I am also working on a benchmark to include in Nengo based on PR #647.

@hunse
Copy link
Collaborator

hunse commented Feb 12, 2015

So this actually provides an improvement over using diagonal encoders? I had tried this once, and found it was better than random encoders, but worse than diagonal encoders. My explanation was that diagonal encoders basically force this kind of squaring multiplication anyway, but rather than computing the square terms individually and then taking the difference, it computes the difference directly, which allows decoders to be chosen so that errors in one square term cancel errors in the other square term.

@jgosmann
Copy link
Collaborator Author

From my report linked above:

diagonal encoders vs. alternative network:
Improvement by 8% (p < 0.001).

RMSE values for diagonal encoders:

mean RMSE: 0.0481133982306
median RMSE: 0.0477134127208
variance of RMSE: 2.244052918e-05

RMSE values for alternative network:

mean RMSE: 0.0444385504631
median RMSE: 0.0445897354704
variance of RMSE: 1.59544830317e-05

Sample size: 50

Definitely not a huge difference and to detect in, I believe, it is necessary to ensure that the benchmark actually covers the complete input space (it is easy to not include the corners which actually have the largest error contribution).

@hunse
Copy link
Collaborator

hunse commented Feb 12, 2015

I think you're right: It matters a lot what your input is. I was probably doing something like that differently. I'm still curious why computing the squares separately is better; I was wondering also if it could have to do with intercepts.

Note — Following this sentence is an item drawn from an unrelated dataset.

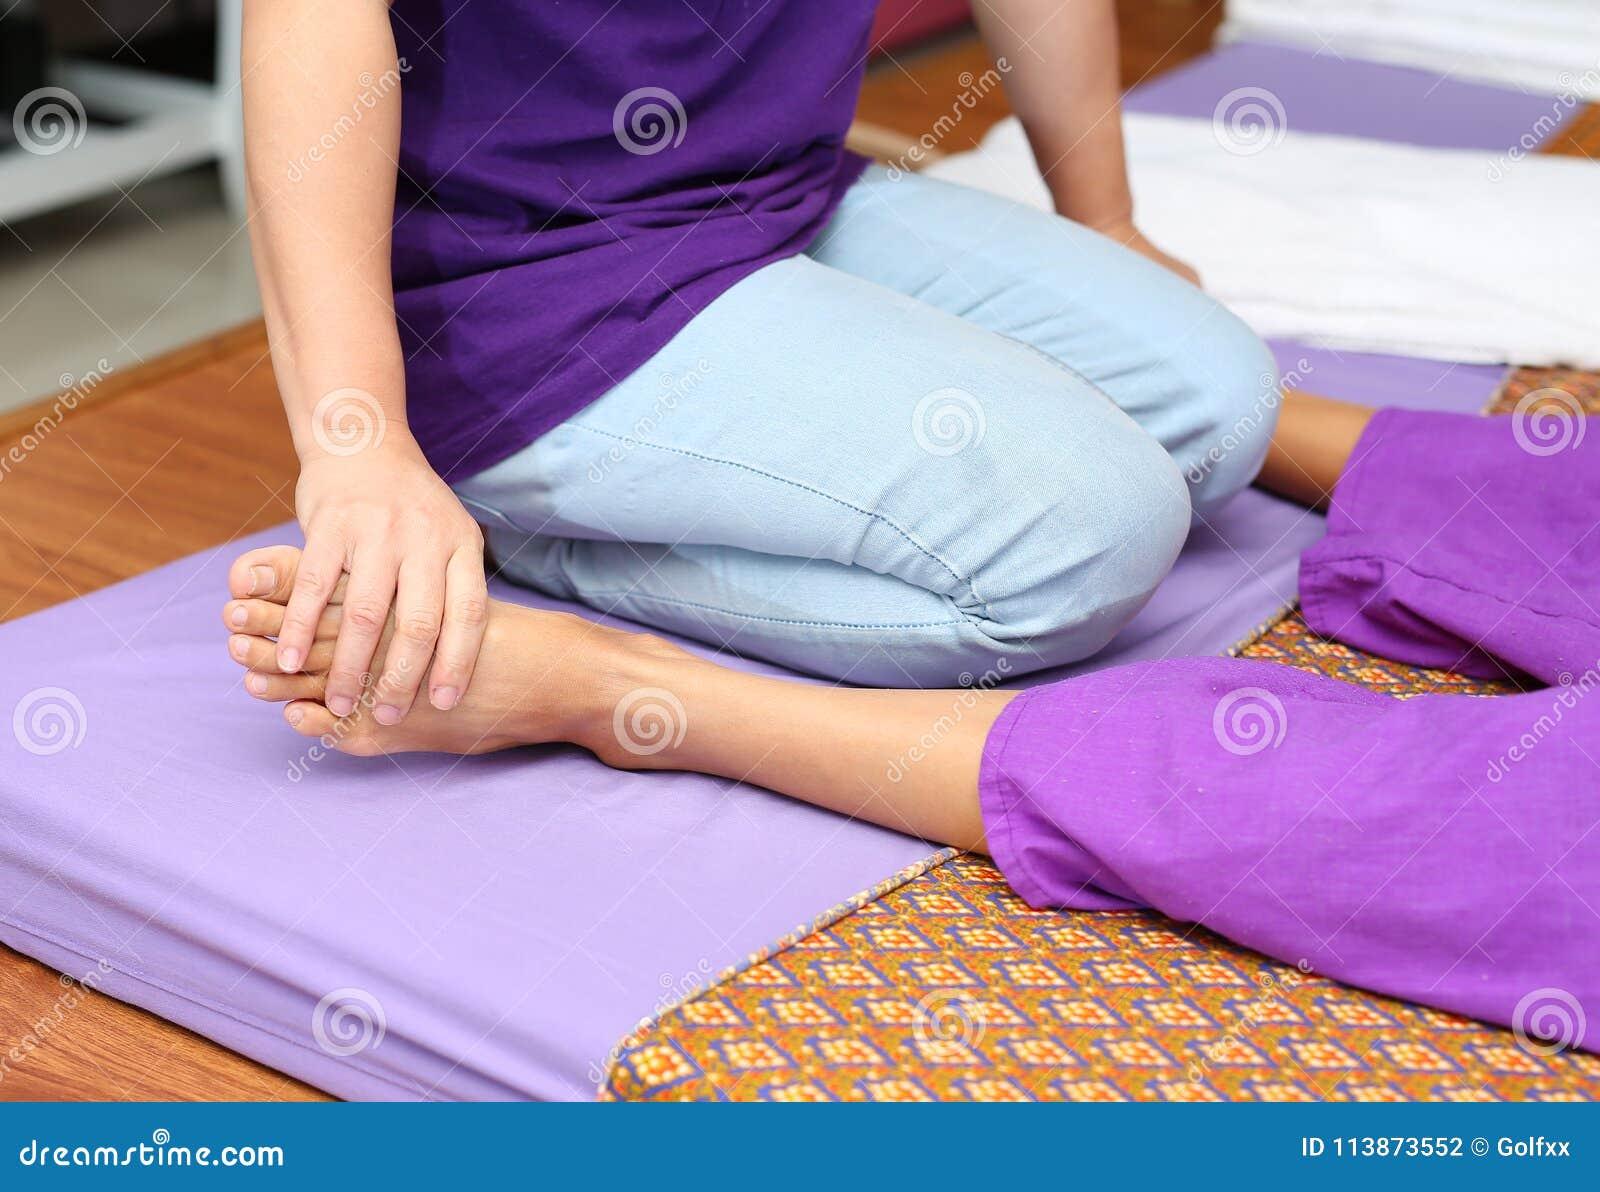 Famous Thai massage, Therapist action for customer.

A couple minor comments on the notebook: I would report standard deviations instead of variances, since they're in the same units as means. Also, you could consider using relative RMSEs, i.e. the RMS of the error divided by the RMS of the correct output. I find it makes the RMSE a bit easier to interpret. Finally, make sure all the scales in the final spiking plots are the same. Right now, it's hard to tell if the "alternative" network actually results in less noisy outputs than the diagonal encoders, or if this is just because it has a larger scale.

@drasmuss
Copy link
Member

Also re: the notebook, in the alternative network benchmark you end up having effectively double the evaluation points, right? Did you compare the accuracy if you halve the evaluation points in each population so the total is the same as the simple network?

@hunse
Copy link
Collaborator

hunse commented Feb 12, 2015

There's an explanation in the notebook as to why @jgosmann does not halve the evaluation points. To summarize, it's because in the simple network you have one 2D population, so the N evaluation points get projected onto each dimension, meaning you have N evaluation points in each dimension. So it makes sense to keep N evaluation points in each dimension (now read population) in the alternative network.

@drasmuss
Copy link
Member

Ah yes that makes sense 🌈

@jgosmann
Copy link
Collaborator Author

@hunse That are good points. But I am not sure if I understand how to calculate the relative RMSE (and therefore whether it makes sense): If I divide by the RMS of the correct output, wouldn't that give extremly large errors for values close to zero?

@jgosmann
Copy link
Collaborator Author

Updated the notebook (use standard deviaton and use the same scale in all plots).

@hunse
Copy link
Collaborator

hunse commented Feb 12, 2015

I wasn't suggesting you compute the relative RMSE on a term-by-term basis; if you did that you would have the problem you described. Compute the RMSE exactly how you did, but then divide the final number by the RMS of the correct signal. Does that make sense?

@jgosmann
Copy link
Collaborator Author

Version of the notebook also showing the relative RMSE. (not sure yet if I'll merge it into master)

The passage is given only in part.